Description:
给出n和b,问n!在b进制下末尾有多少个相连的0,比如6!(10)=720(10)=880(9). 所以6!在9进制下有1个0
Input:
n,b
Output:
answer
Analysis:
实际上是求n!的因数中有b^k,k的最大值为多少。可以用唯一分解定理,同时分解为质数然后判断,可以先对b进行质因数分解,然后求n对于每个b的质因数的次数,假设要求n!中质因数s的次数为多少,这里可以直接使用cnt=[n/s]+[n/s^2]+[n/s^3]+...
这样分别算的是1到n中s,s^2,s^3这些因数对答案的贡献。最后只要对n和b的相应质因数次数进行比较跟新答案即可
#define _CRT_SECURE_NO_WARNINGS
#include<iostream>
#include<algorithm>
#include<map>
#include<set>
#include<queue>
#include<sstream>
#include<cmath>
#include<iterator>
#include<bitset>
#include<stdio.h>
#include<unordered_set>
#include<ctime>
#include<cstring>
using namespace std;
#define _for(i,a,b) for(int i=(a);i<(b);++i)

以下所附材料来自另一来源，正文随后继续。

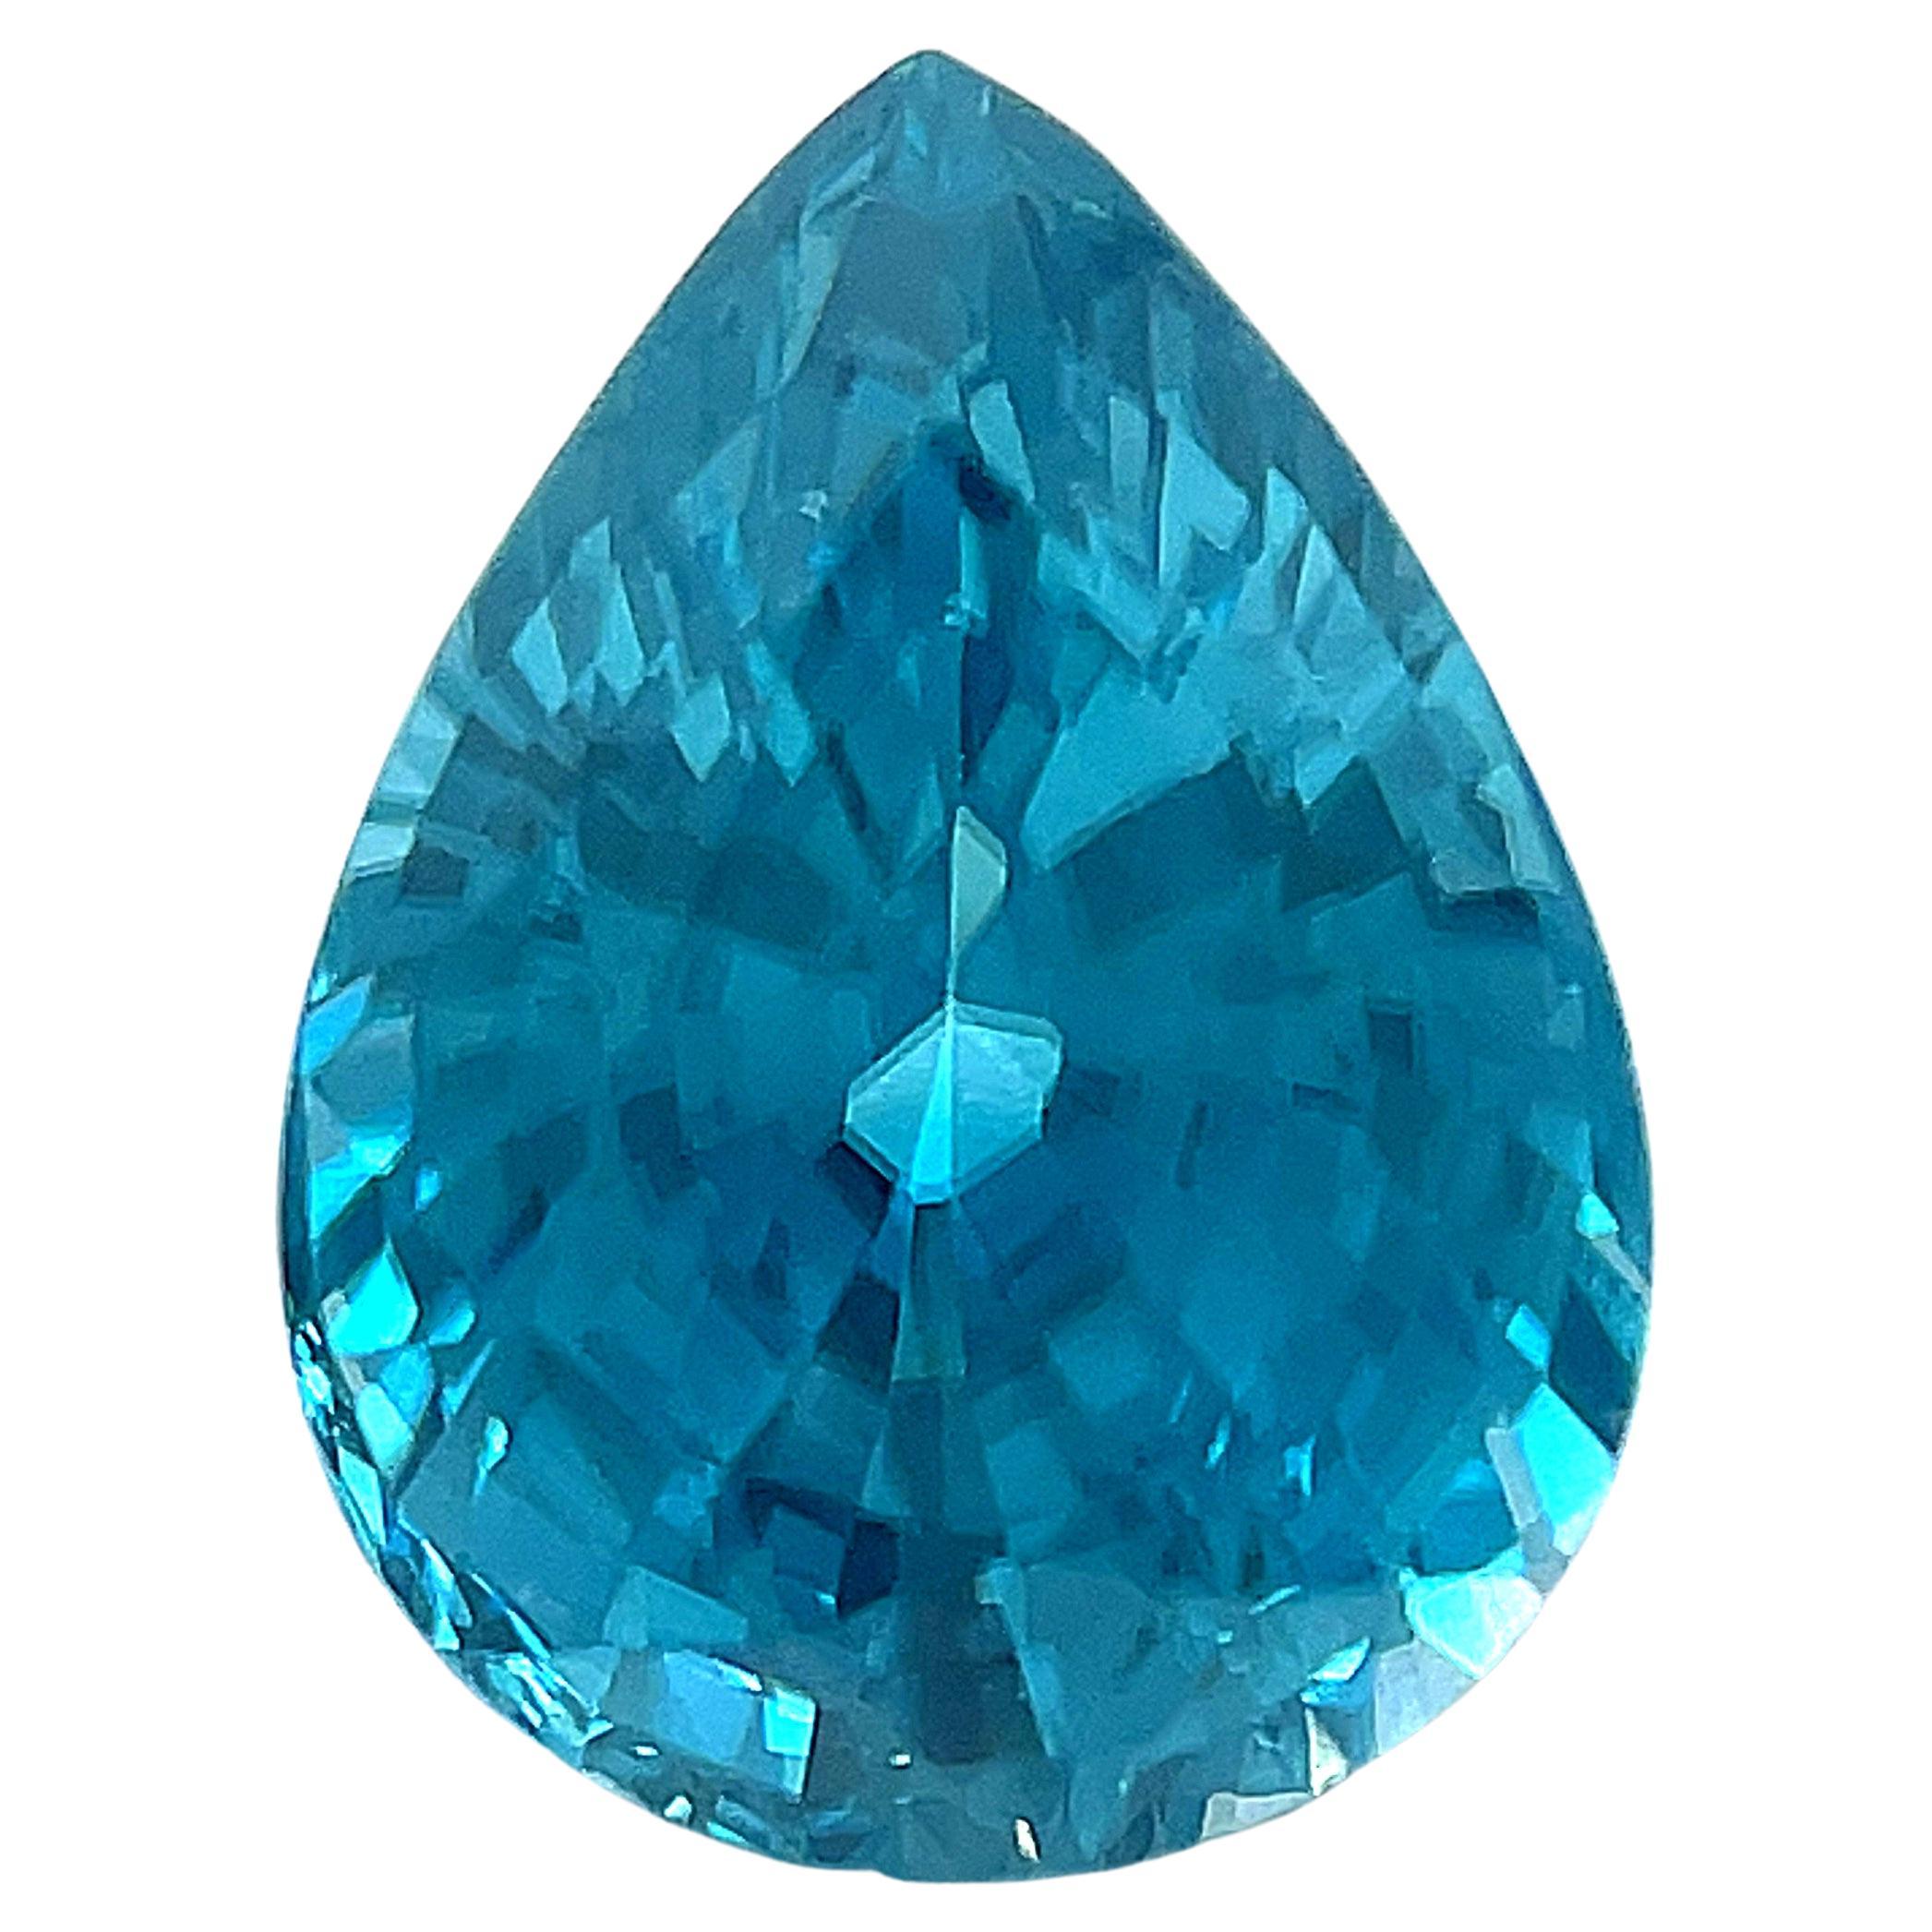 4.72 Carat Pear Shaped Blue Zircon, Unset Loose Gemstone  For Sale

#define _rep(i,a,b) for(int i=(a);i<=(b);++i)
typedef long long LL;
const int INF = 1 << 30;
const int maxn = 1e6+5;
const int MOD = 1e9+7;
const double eps = 1e-6;
LL n, b;
map<LL,LL> b_;
map<LL,LL> n_;
int main()
{
//freopen("C:\\Users\\admin\\Desktop\\in.txt", "r", stdin);
//freopen("C:\\Users\\admin\\Desktop\\out.txt", "w", stdout);
while (cin >> n >> b) {
LL bb = b;
b_.clear(); n_.clear();
LL can = sqrt(b) + 1;//所有质数的范围
for (LL i = 2; i < can; ++i)//遍历
{
LL cnt = 0;
while (b%i == 0)//对于每个可以约去的数字
{
cnt++;
b = b / i;//相除
}
if (cnt > 0) b_[i] = cnt;
}
if(b!=1) b_[b] = 1;
LL ans = 0x3f3f3f3f3f3f3f3fLL;
for (auto it : b_) {
LL cnt = 0, tmp = it.first;
LL nn = n;
while (nn) { cnt+=nn/tmp; nn/= it.first; }
n_[it.first] = cnt;
ans = min(ans, n_[it.first] / b_[it.first]);
}
cout <<ans<<endl;
}
return 0;
}